> _EXERCISE REQUIREMENTS_:
Your copy of the data should leave out the images and match everything else exactly.

> _INPUT DATA_:
· · · ·
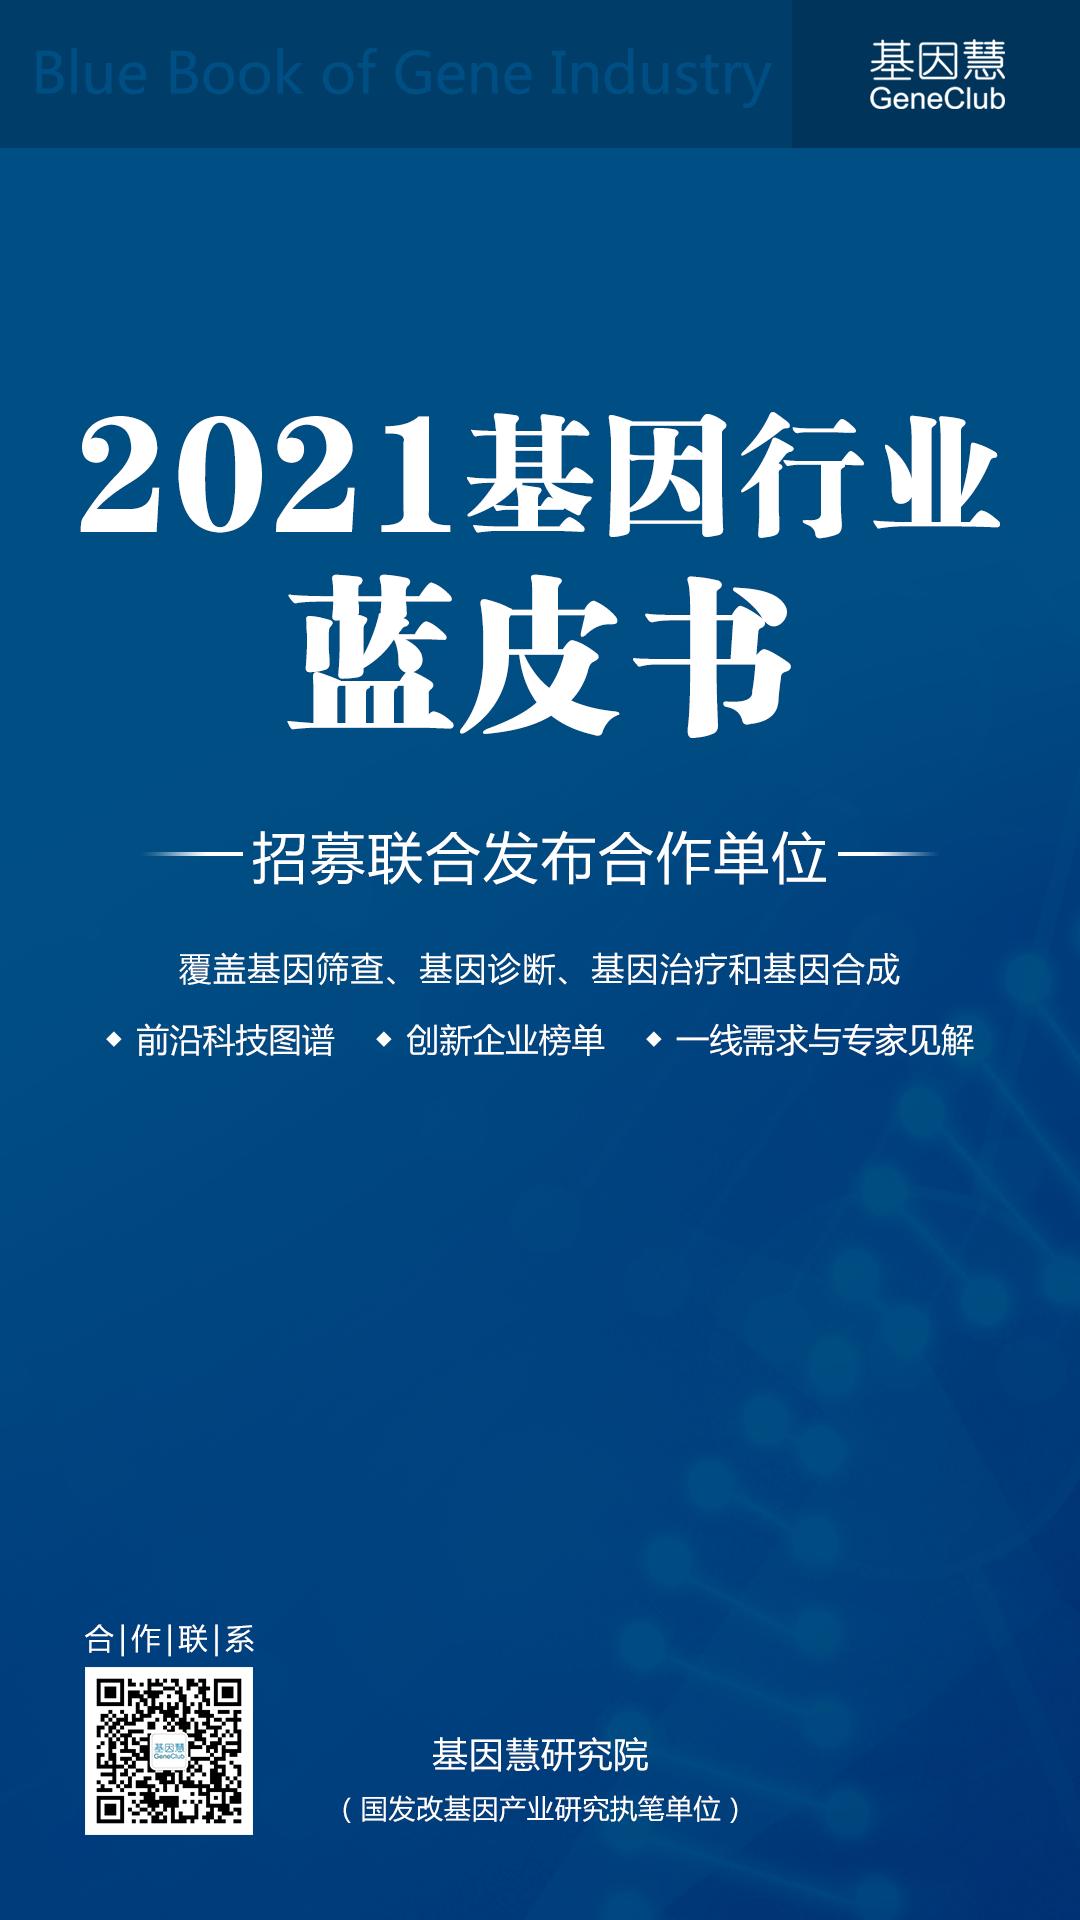 笃行致远,2021基因行业蓝皮书启动合作
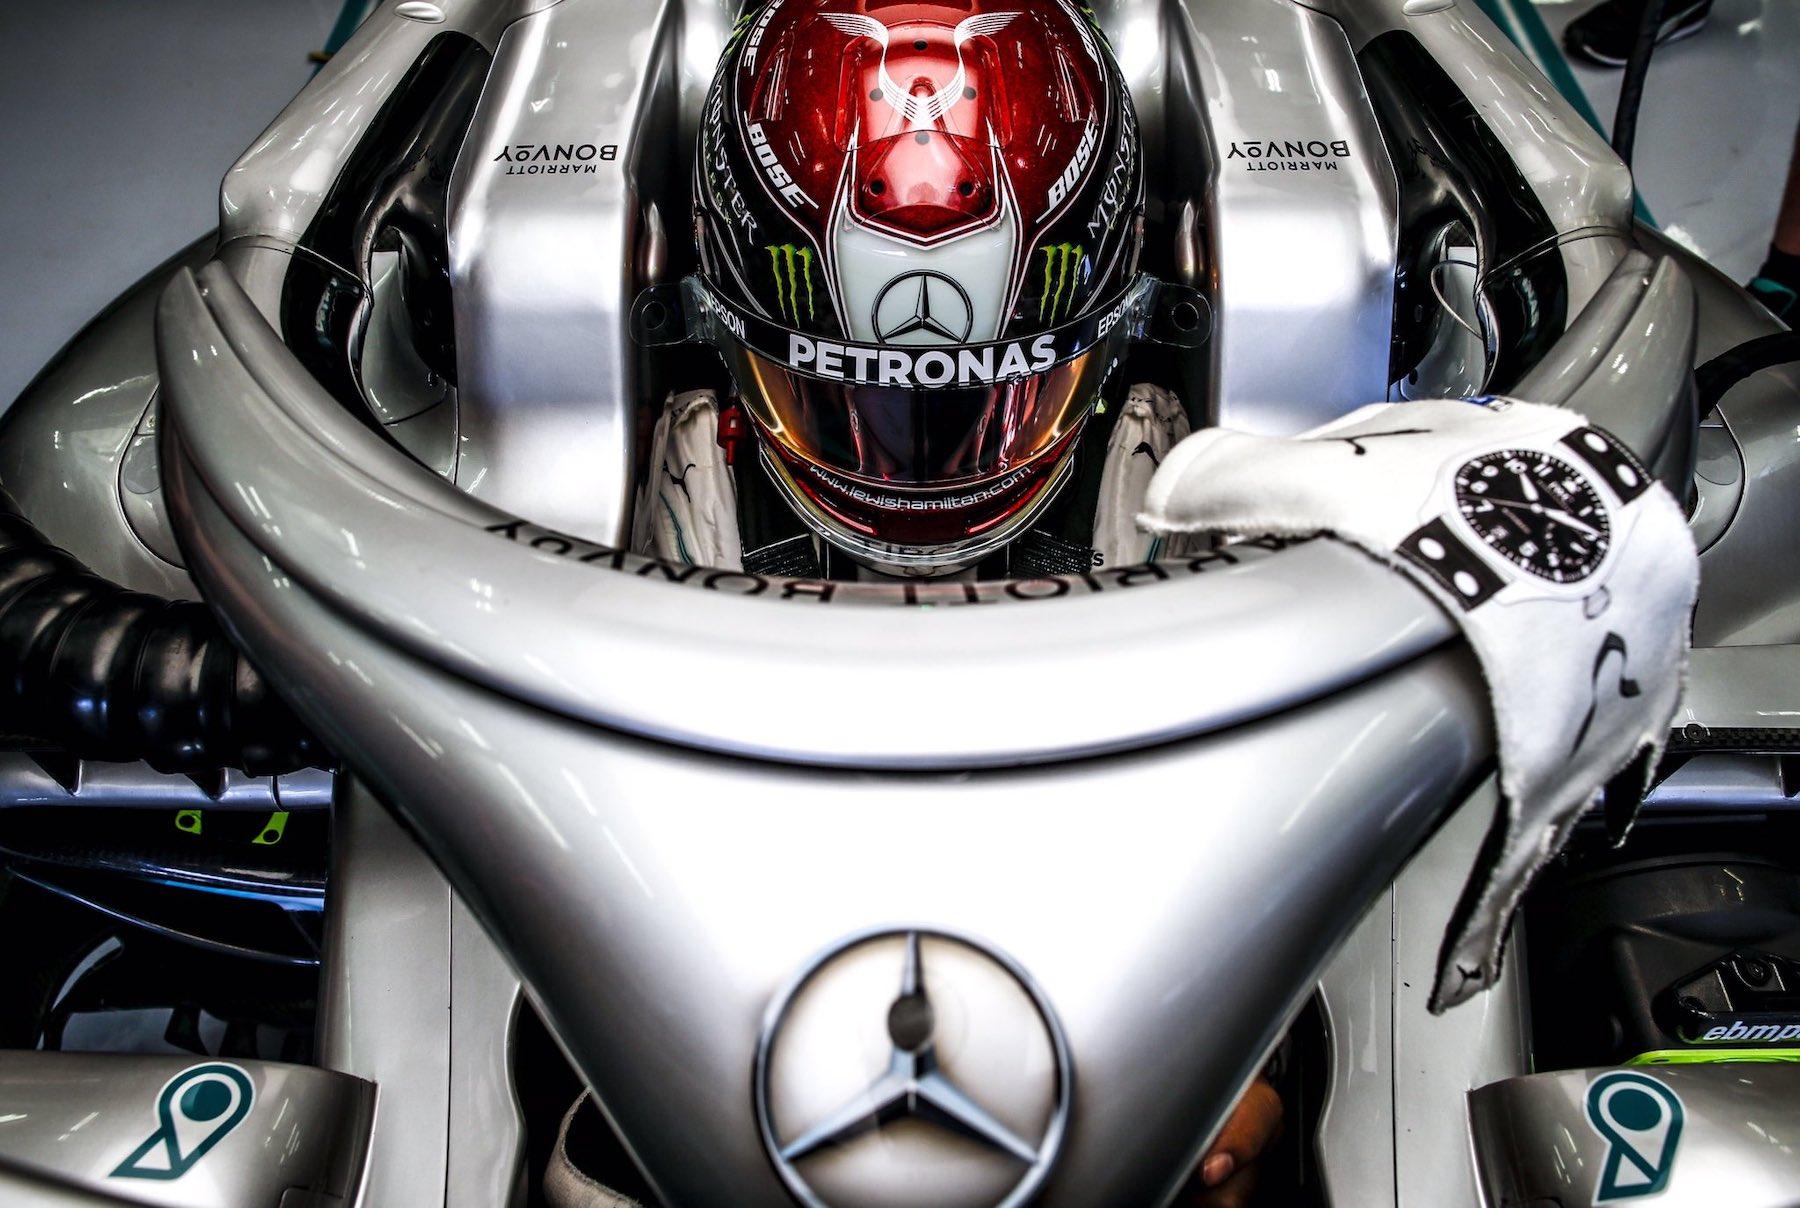 1 2019 Lewis Hamilton | Mercedes W10 | 2019 Bahrain GP FP2 1 copy.jpg
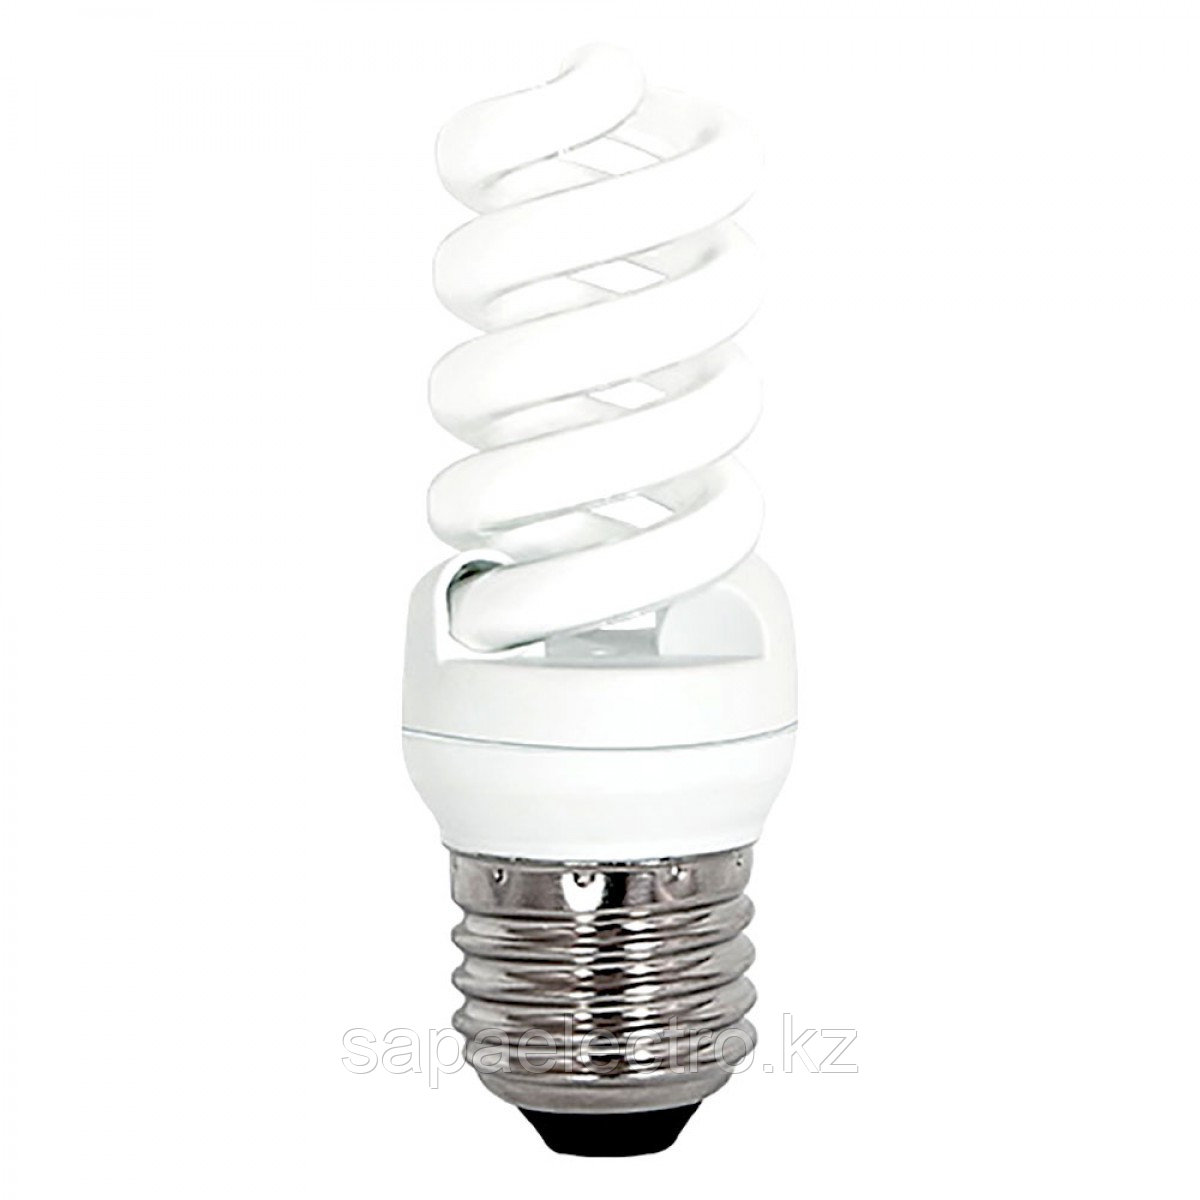 Лампа SPIRAL TINY  11W   E27   827   (TL) 50шт
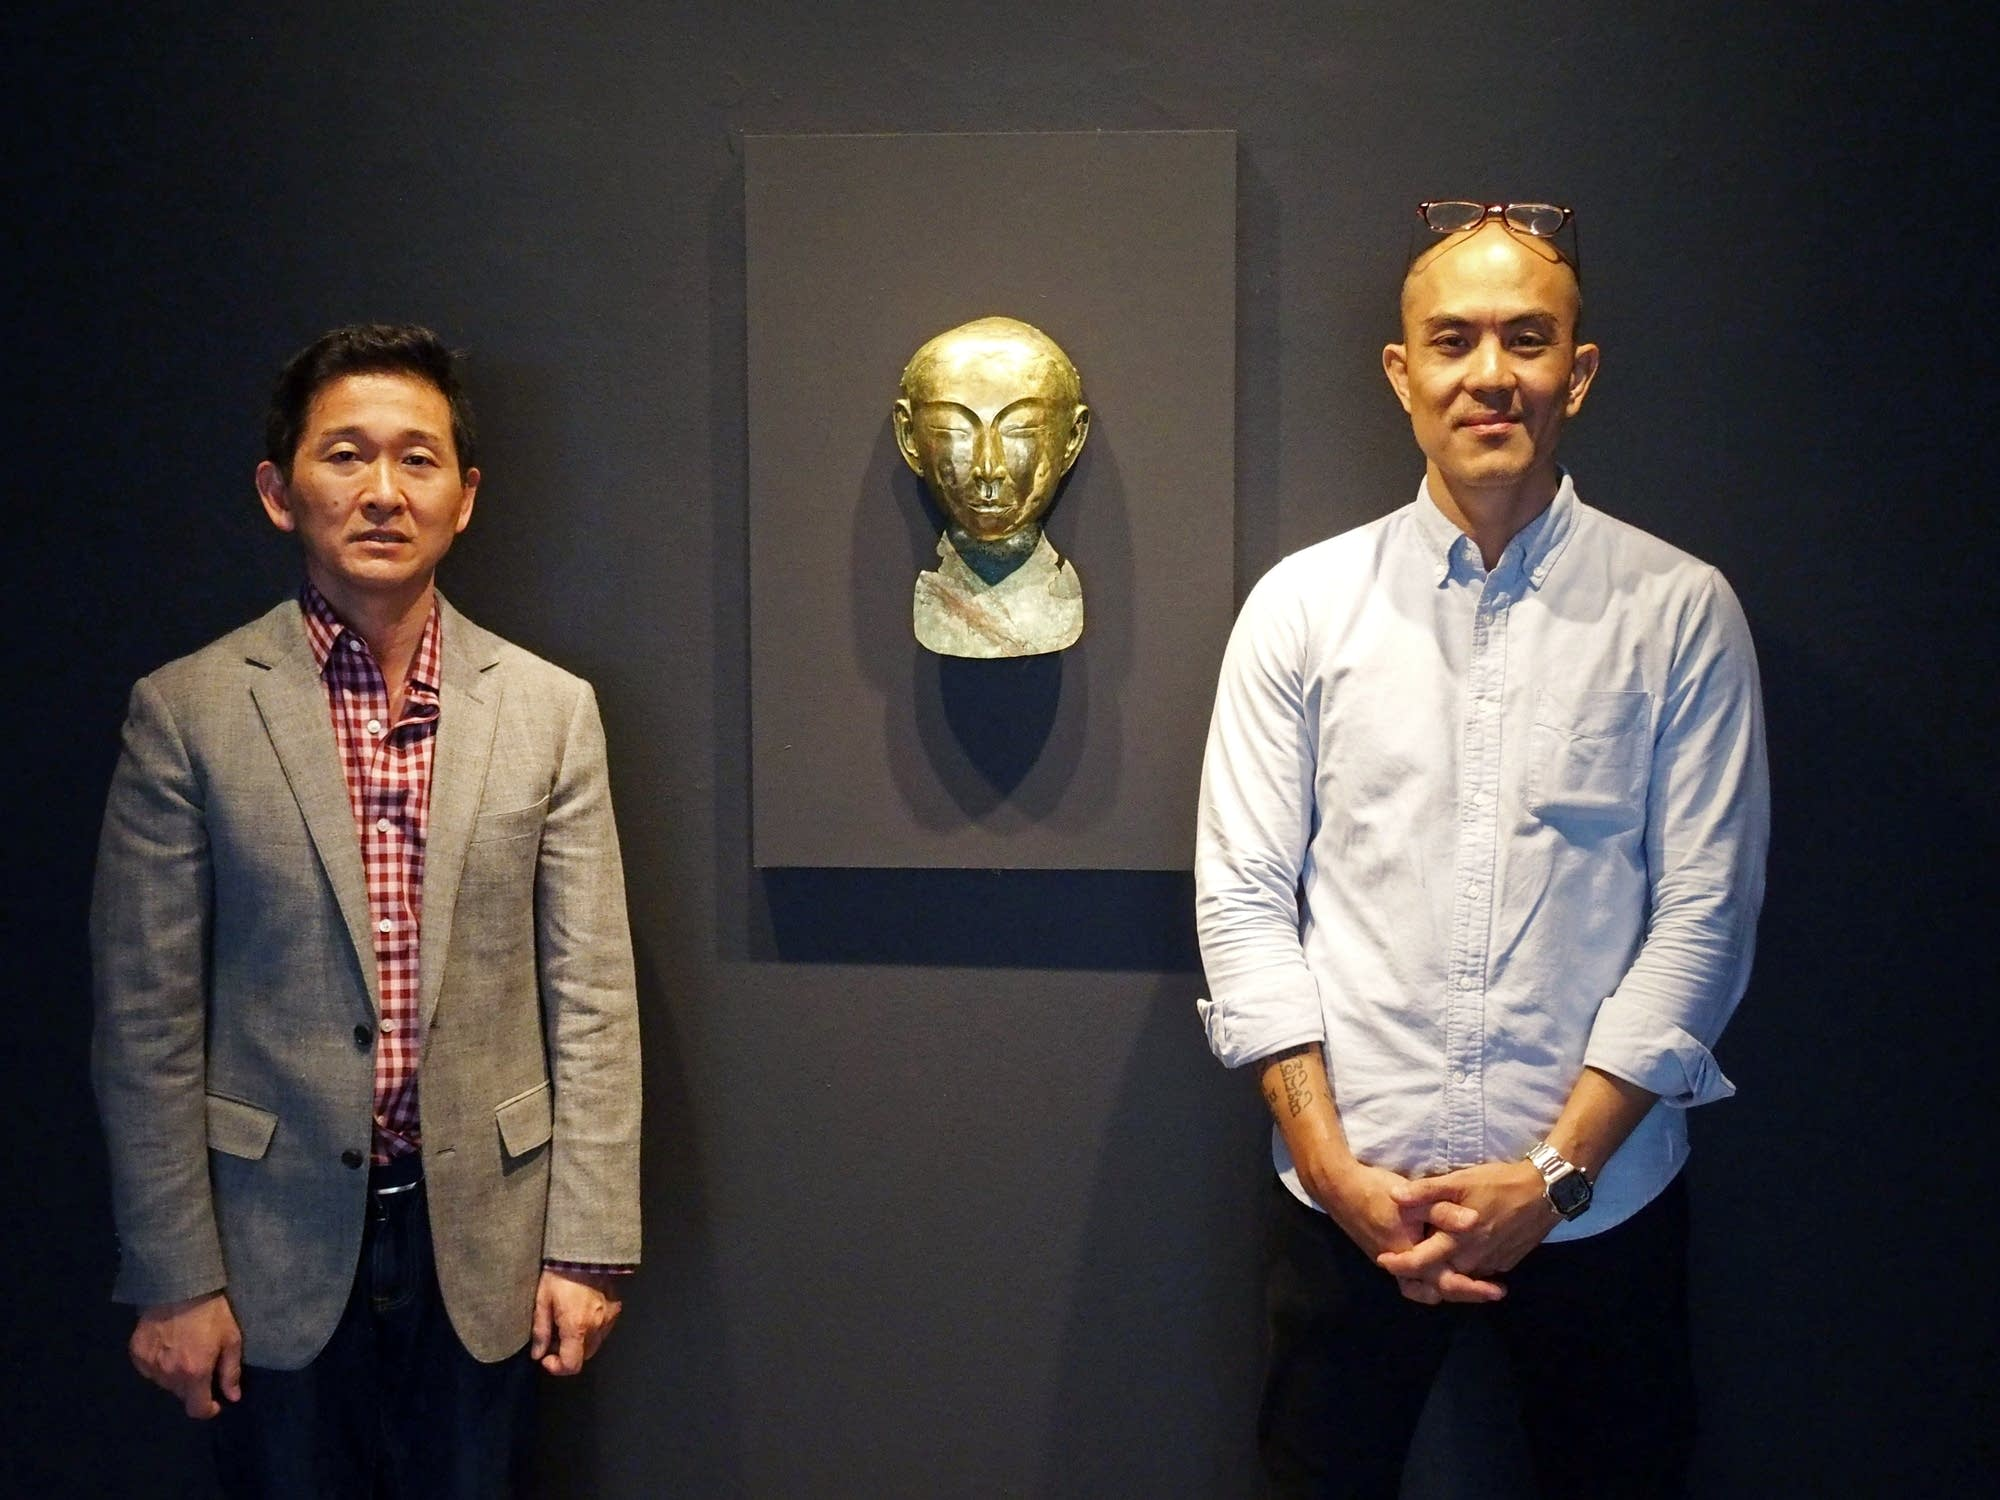 Yasufumi Nakamori, left, and Tuan Andrew Nguyen
· · · ·
> _FINAL ANSWER_:
 笃行致远,2021基因行业蓝皮书启动合作
 1 2019 Lewis Hamilton | Mercedes W10 | 2019 Bahrain GP FP2 1 copy.jpg
 Лампа SPIRAL TINY  11W   E27   827   (TL) 50шт
 Yasufumi Nakamori, left, and Tuan Andrew Nguyen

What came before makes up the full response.